26 juin 2026

La session ordinaire de la 59è édition de l’Examen d’État ( Exetat ) a pris fin ce jeudi 25 juin en RDC. Les finalistes sont désormais en attente de la publication des résultats devant sanctionner la fin de leur cursus scolaire. Dans la capitale congolaise, à l’occasion de la fin de cette épreuve nationale, certains finalises du secondaire se sont livrés à des comportements qui heurtent les sensibilités.

Des images relayées sur les réseaux sociaux dans certains coins de Kinshasa montrent des Bleu et Blanc avec des tenues qui laissent à désirer sur fond des actes à l’encontre de bonnes moeurs.

Un seul mot: flétrissure.
Les jours se suivent et se ressemblent dqns cette agglomération de pus ou moins 15 millions de personnes. Le comportement affiché par des finalistes contraste avec le bon sens.

Jupes courtes, chemises exposant des soutiens, de longues mèches qui vont jusqu’au niveau du dos à l’instar d’un super guerrier des dessins animés manga du Japon, le tout sur fond de longues chaussettes blanches pour les filles ; de pantalons très serrés pour les uns, trop gros avec taille baisse pour les autres, coiffures avec lignes remarquables, telle est la configuration masculine.

Cerise sur le gâteau, après l’examen, le cliché d’un élève du 4è secondaire fait le tour des réseaux sociaux avec au passage une jupe noire plissée rappelant ainsi l’un des Léopards de la sape, l’influenceur, Mzee Kindingu.

Un problème d’éducation, d’instruction et une aberration

Comment expliquer cet agir de futurs intellectuels du pays, ceux qui sont censés aller à l’université et diriger ce pays demain ? C’est tout simplement aberrant.

Il s’agit ici d’une question à la fois d’éducation et d’instruction, respectivement au niveau familial et scolaire. Ce genre de comportement montre à tel point que les anti-valeurs sont devenues ancrées dans une société kinoise et une jeunesse plongées dans la dépravation des moeurs.

Interrogé sur le comportement immoral des finalistes, père de famille et fonctionnaire de l’État, la cinquantaine révolue, se dit indigné que ce sont maintenant les mêmes pratiques à chaque édition ces derniers temps.

” C’est très grave et triste ce que je vois maintenant chaque année à Kinshasa aux derniers jours de la session ordinaire de l’Examen d’ État. Des élèves qui s’habillent très mal en uniformes, qui écrivent sur leurs uniformes, se livrent à l’immoral au vu et au su. Ils ne sont pas généralement inquiétés par les agents de l’ ordre. Et lors de la publication des résultats, la plupart d’eux réussissent avec de gros pourcentages et avec cette liesse, la course à l’incivisme est hélas à grand échelle , a-t-il regretté.

L’ influence négative des réseaux sociaux

Pour un professeur du Collège Frère Zuza dans la commune de Kintambo.
Il fait mention à un problème d’éducation de base, la démission des parents et l’influence négative des réseaux sociaux.

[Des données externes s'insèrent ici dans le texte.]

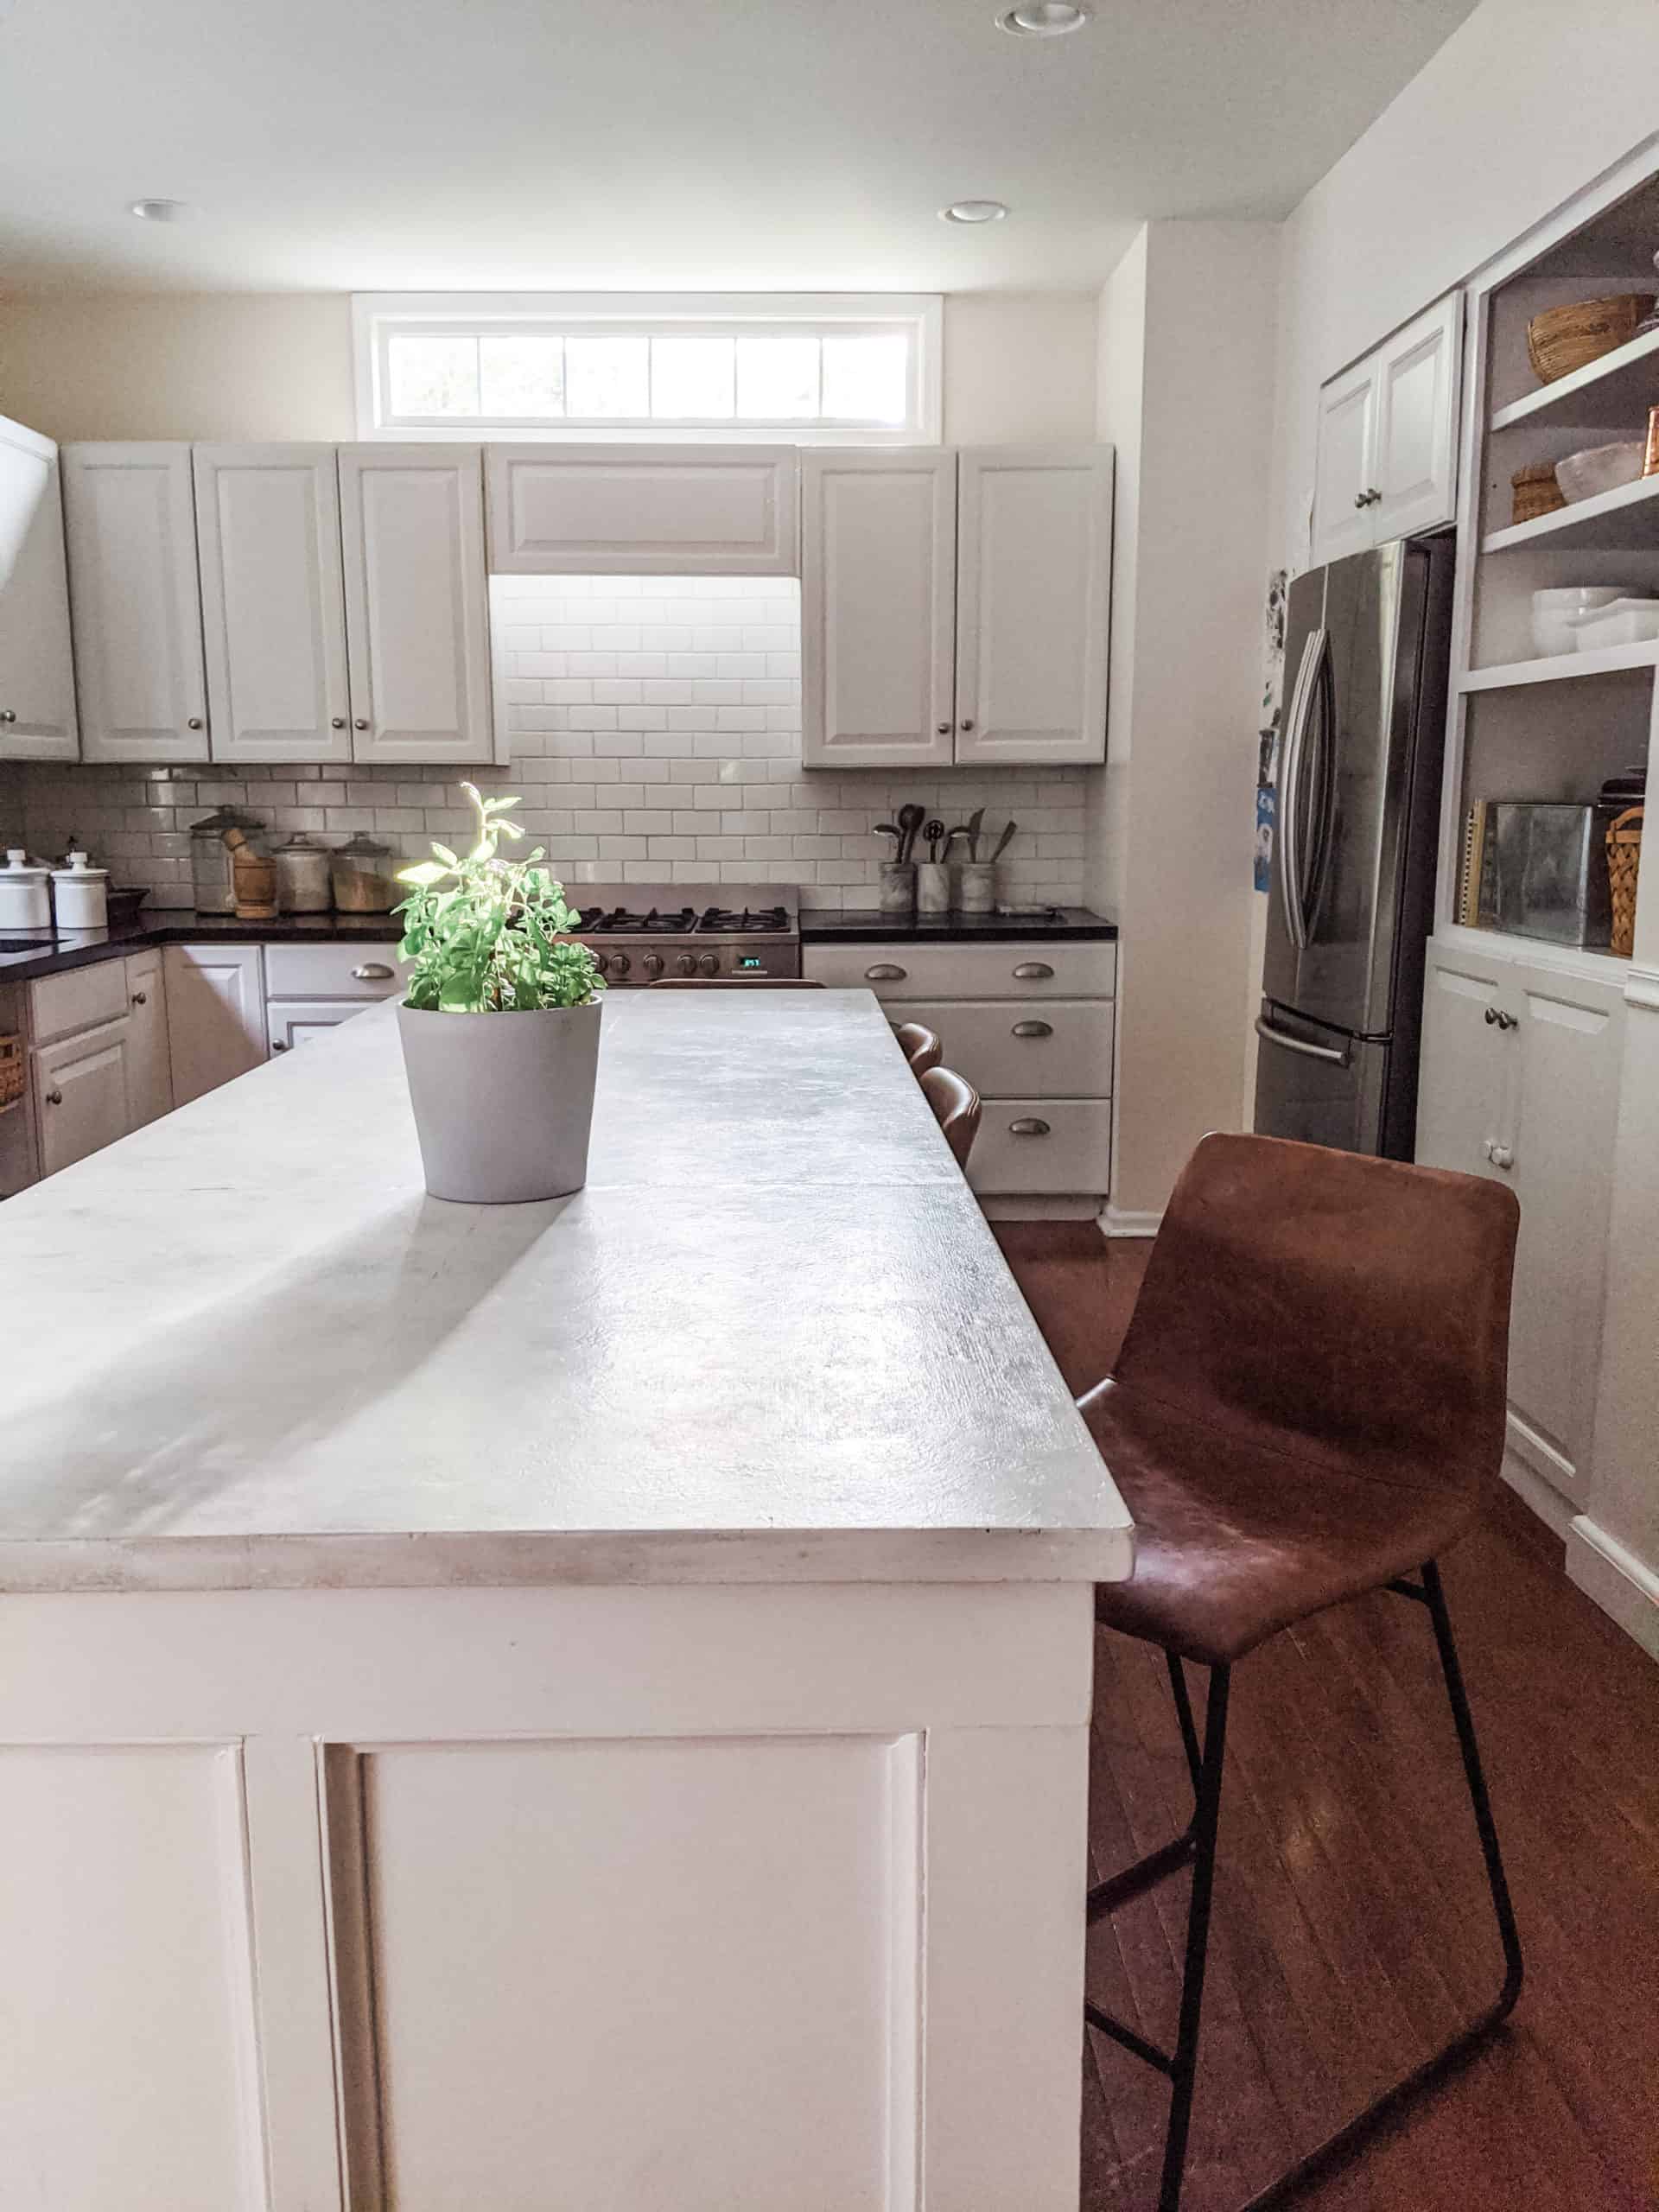 A traditional, large white kitchen island

À première vue, un problème l’éducation de base se pose, c’est le fondement de tout. Puis il y a l’école, la rigueur doit être observée avec les professeurs, les éducateurs. Si il y a un laxisme au niveau du travail, de la discipline, et qu’en revanche on propose la facilité en exigeant de l’argent comme visa pour la réussite. En face, l’élève sait le comprendre, ce genre d’attitude n’honore personne : ni les élèves concernés, les éducateurs que nous sommes, leurs écoles et les personnes bien éduquées dans la société. Plusieurs parents sont démissionnaires dans l’éducation des enfants. À cela s’ajoute l’impact négatif à l’ère du numérique avec les fameux influenceurs. C’est ahurissant“, a-t-il fustigé.

    Le même refrain 

À Kinshasa, l’on observe un accoutrement des élèves du 4è secondaire même au niveau de l’Exetat et des actes inciviques à quasiment chaque édition. C’est le même refrain voire la même chanson au vu et au su des parents, éducateurs. L’ État via le ministère de l’ Éducation Nationale et de la Nouvelle Citoyenneté ne réagit pas pour tordre le cou à cette mauvaise pratique qui prend forme dans la société congolaise en général et kinoise en particulier. ” Aux grands maux, les grands remèdes” dit-on.

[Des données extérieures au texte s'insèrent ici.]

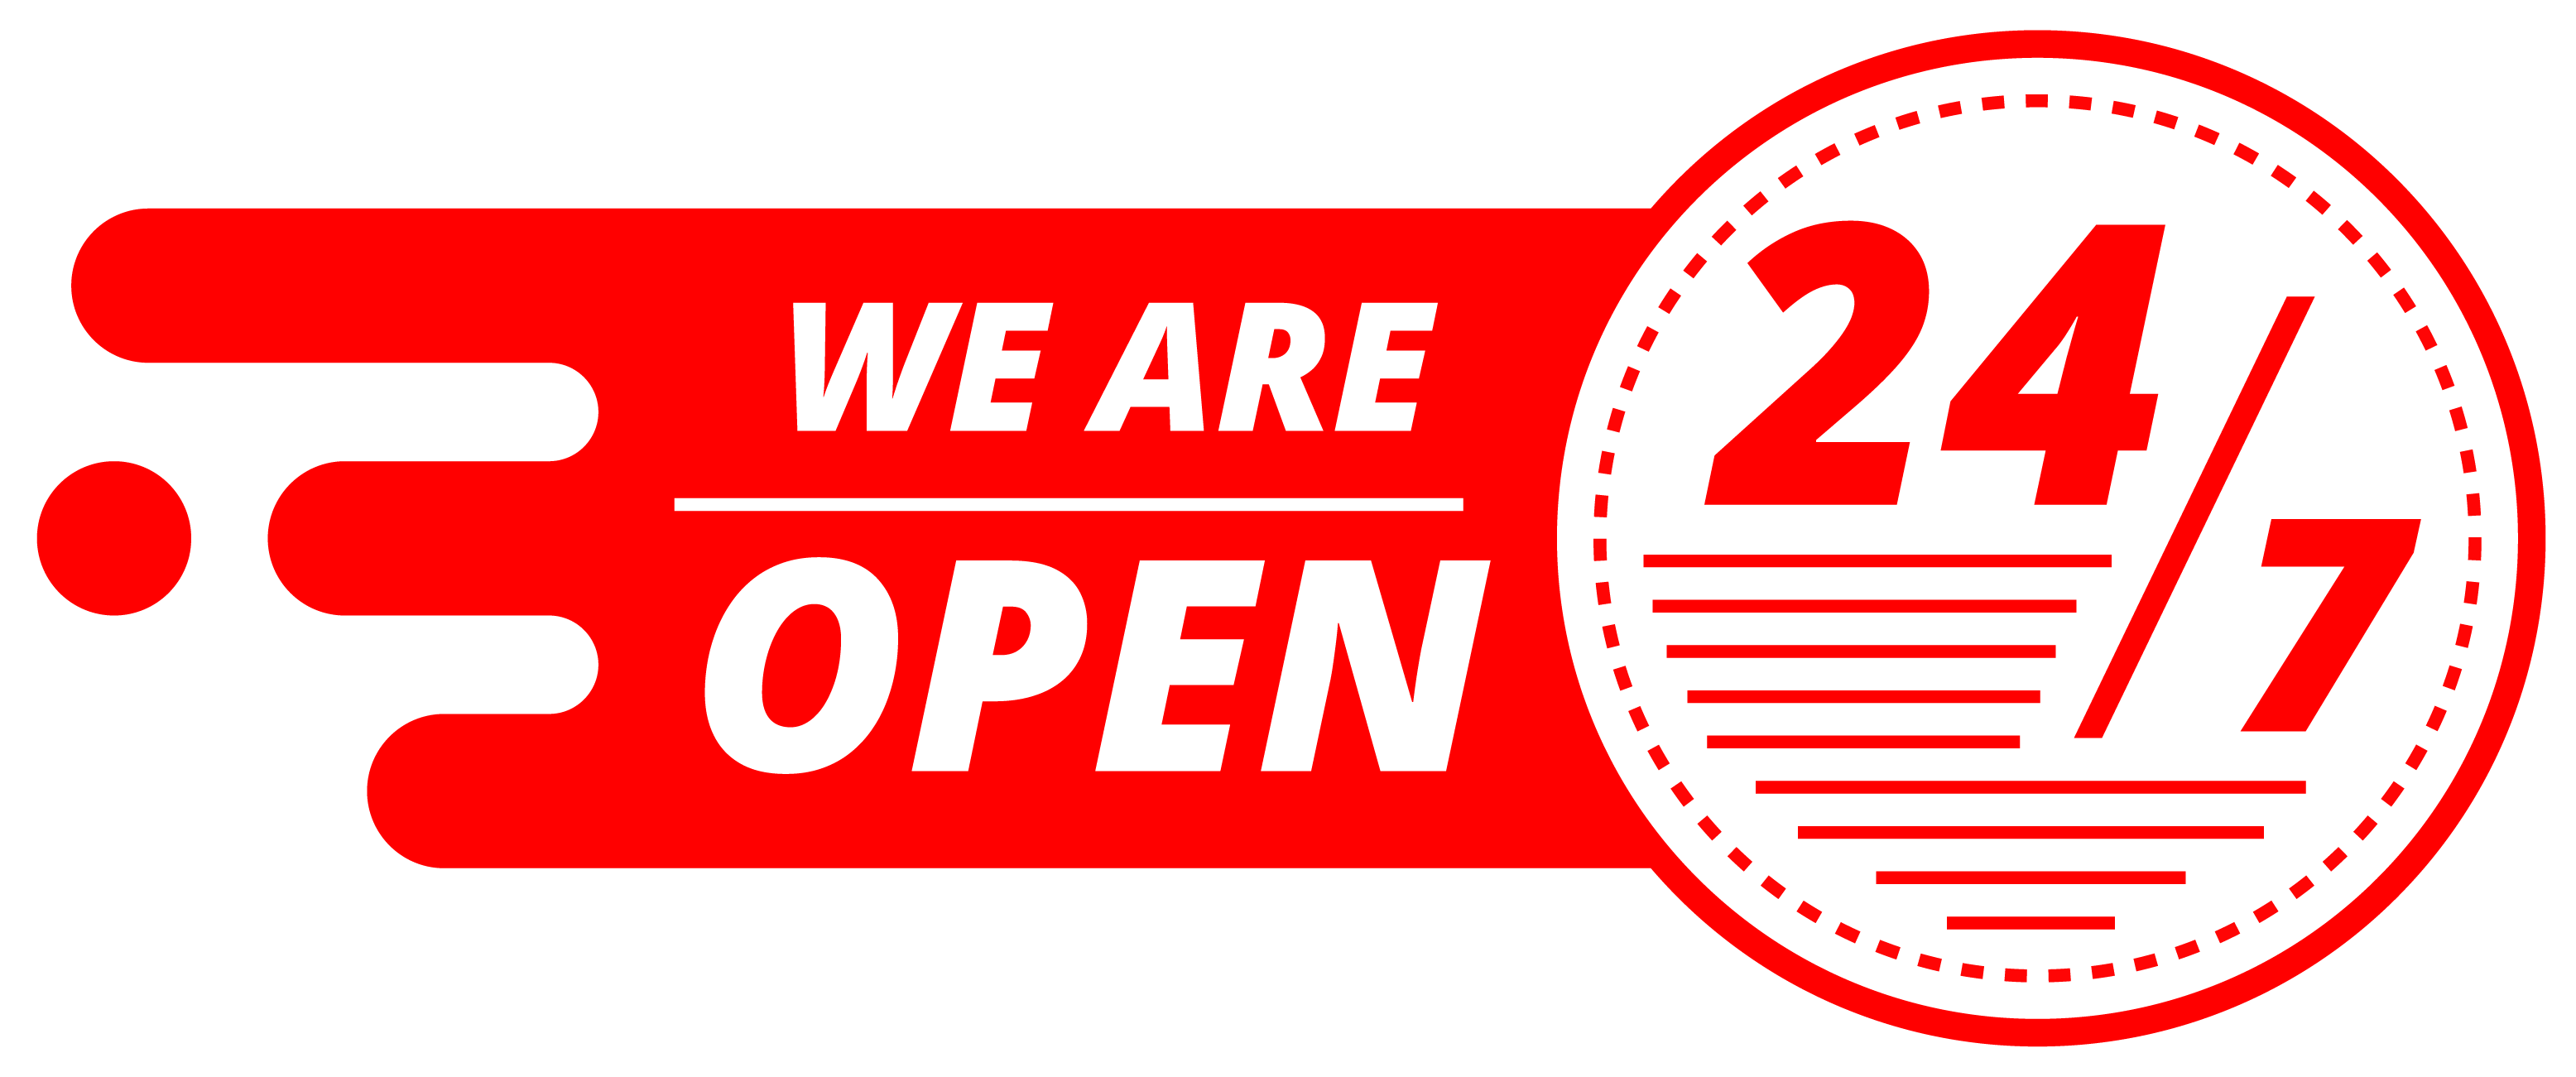 we are open 24/7

La session ordinaire de l’ Exetat édition 2026 s’est déroulée du lundi 22 au jeudi 25 juin en RDC. La hors-session a été lancée le lundi 04 mai courant par la dissertation.
Place au traitement des copies, la correction des items pour la publication des résultats qui interviendra inéluctablement avec une vitesse de croisière.